**Provided records**
^^^^

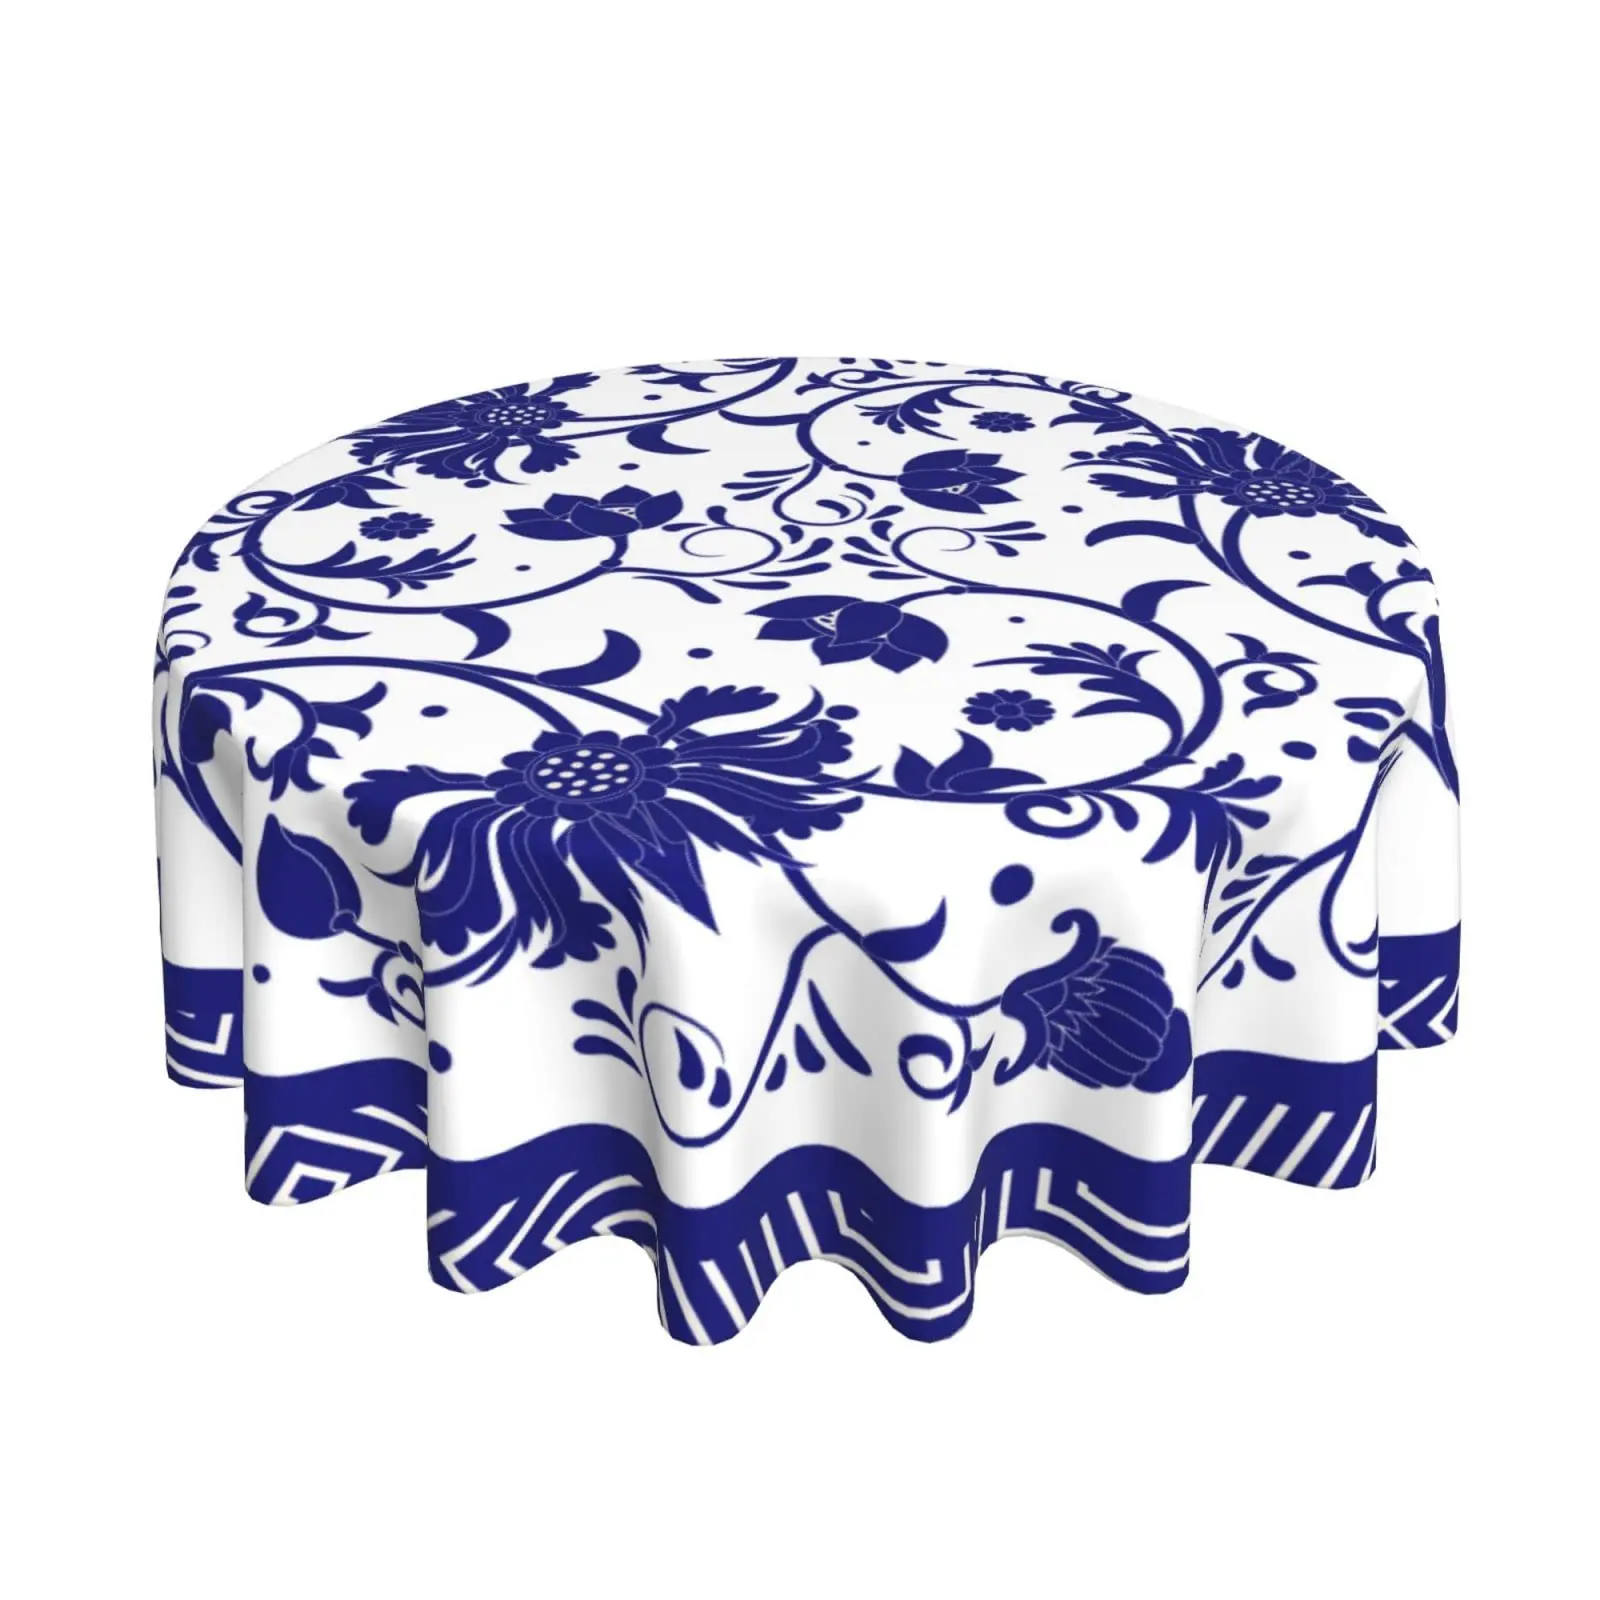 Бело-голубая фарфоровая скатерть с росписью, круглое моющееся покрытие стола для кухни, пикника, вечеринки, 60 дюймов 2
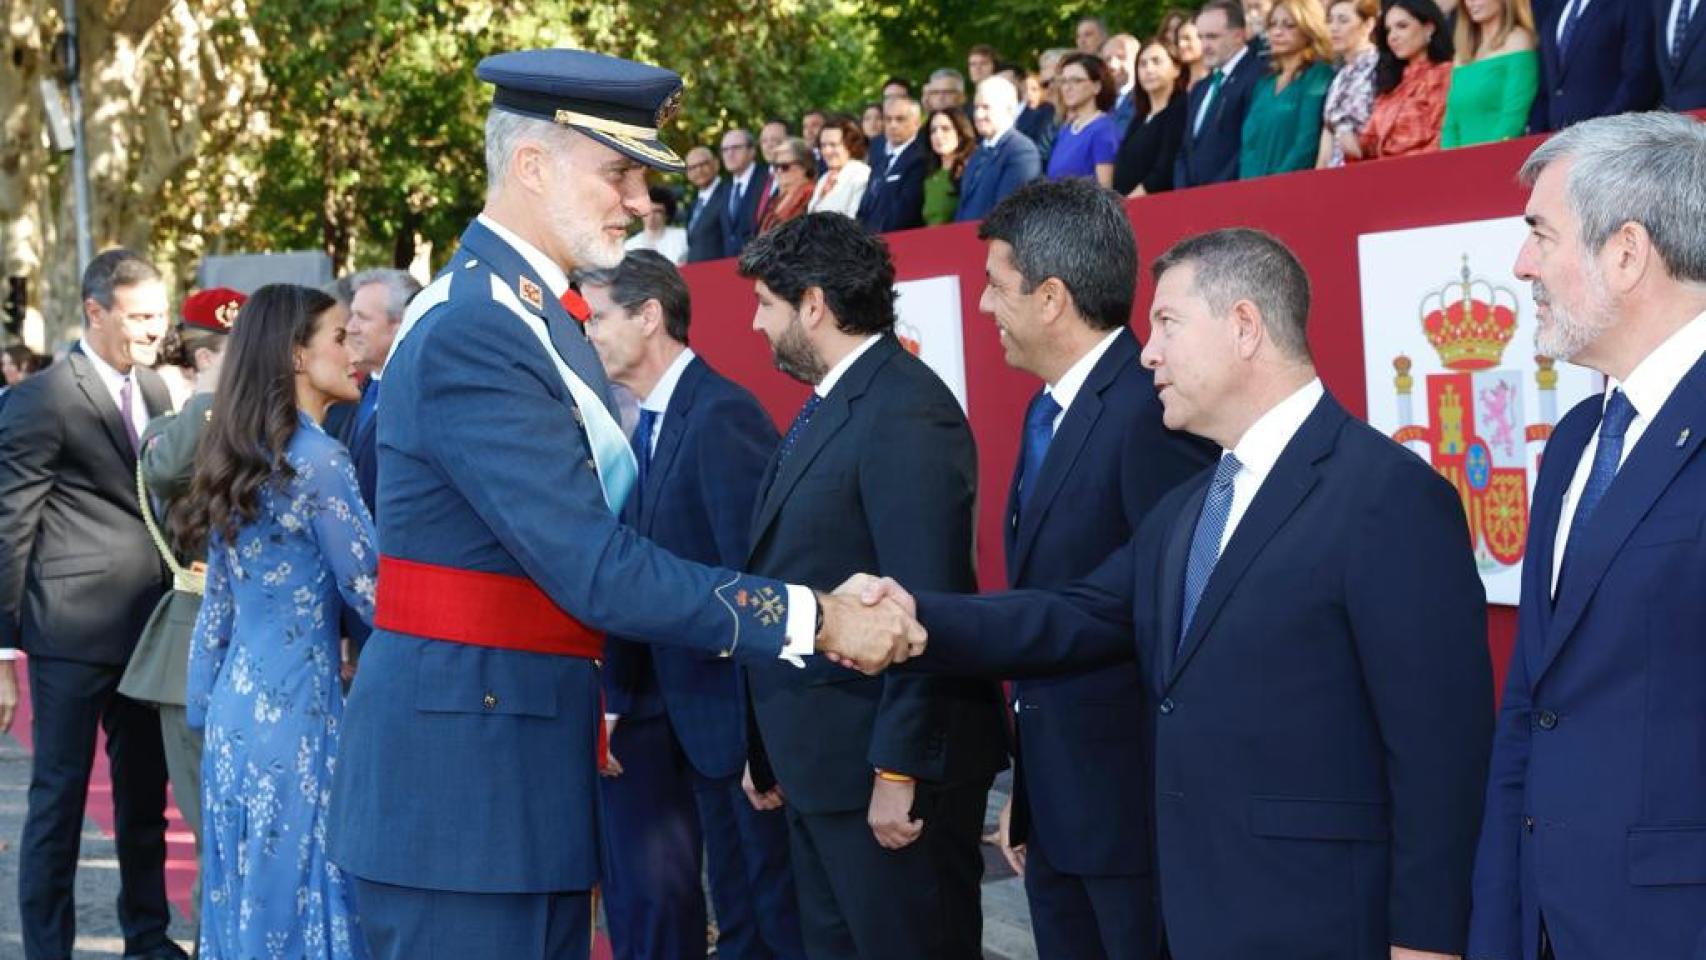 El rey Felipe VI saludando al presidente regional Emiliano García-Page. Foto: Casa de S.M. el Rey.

^^^^

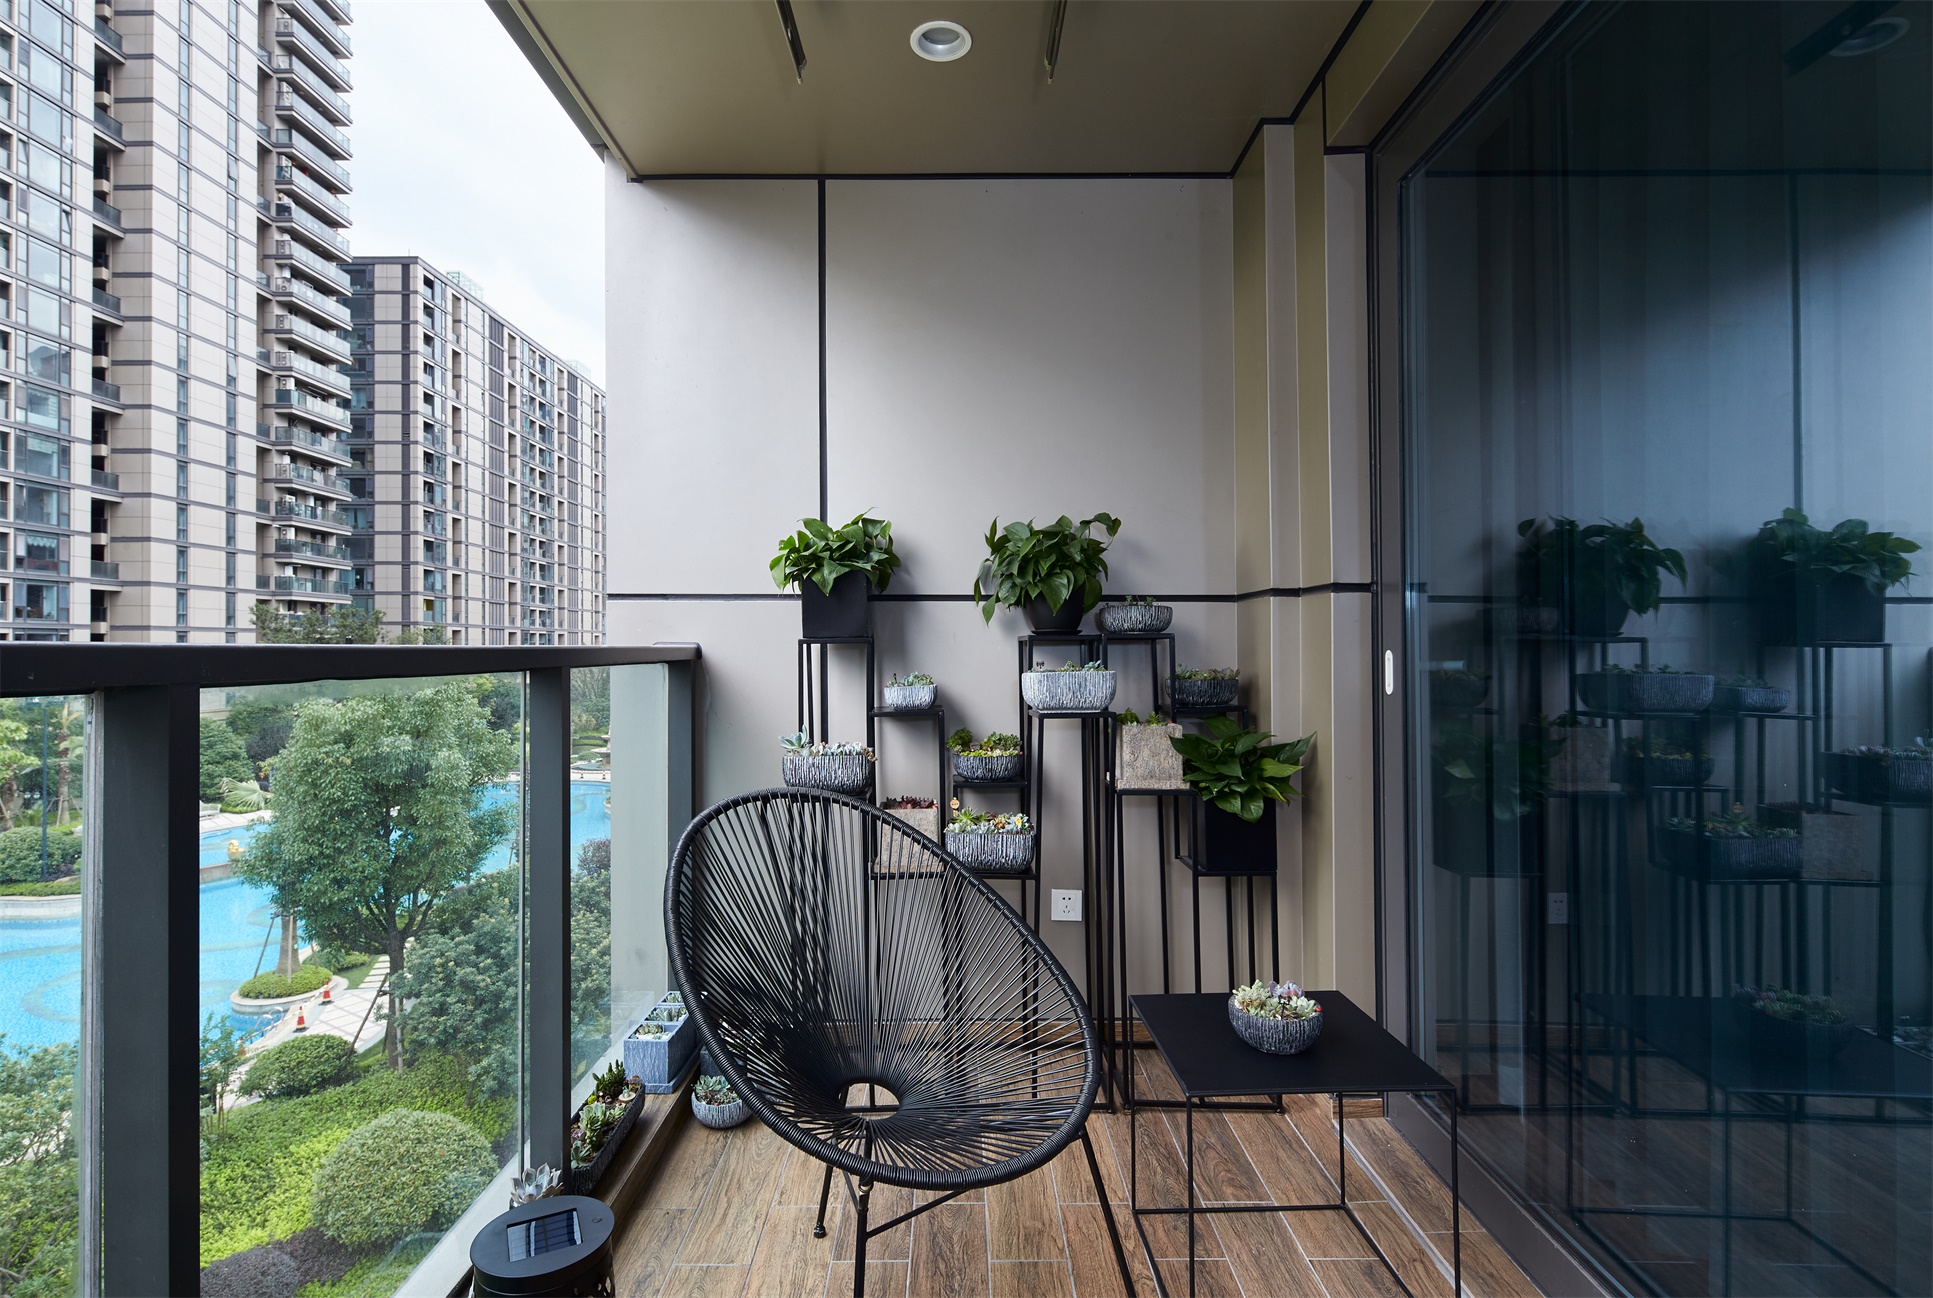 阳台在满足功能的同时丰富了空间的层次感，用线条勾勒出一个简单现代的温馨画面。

^^^^

**Task statement**
Using the entries above, transcribe exactly from the line that has "Бело-голубая фарфоровая скатерть" through the line that has "El rey Felipe". Pictures are dropped.

**Worked solution**
 Бело-голубая фарфоровая скатерть с росписью, круглое моющееся покрытие стола для кухни, пикника, вечеринки, 60 дюймов 2
 El rey Felipe VI saludando al presidente regional Emiliano García-Page. Foto: Casa de S.M. el Rey.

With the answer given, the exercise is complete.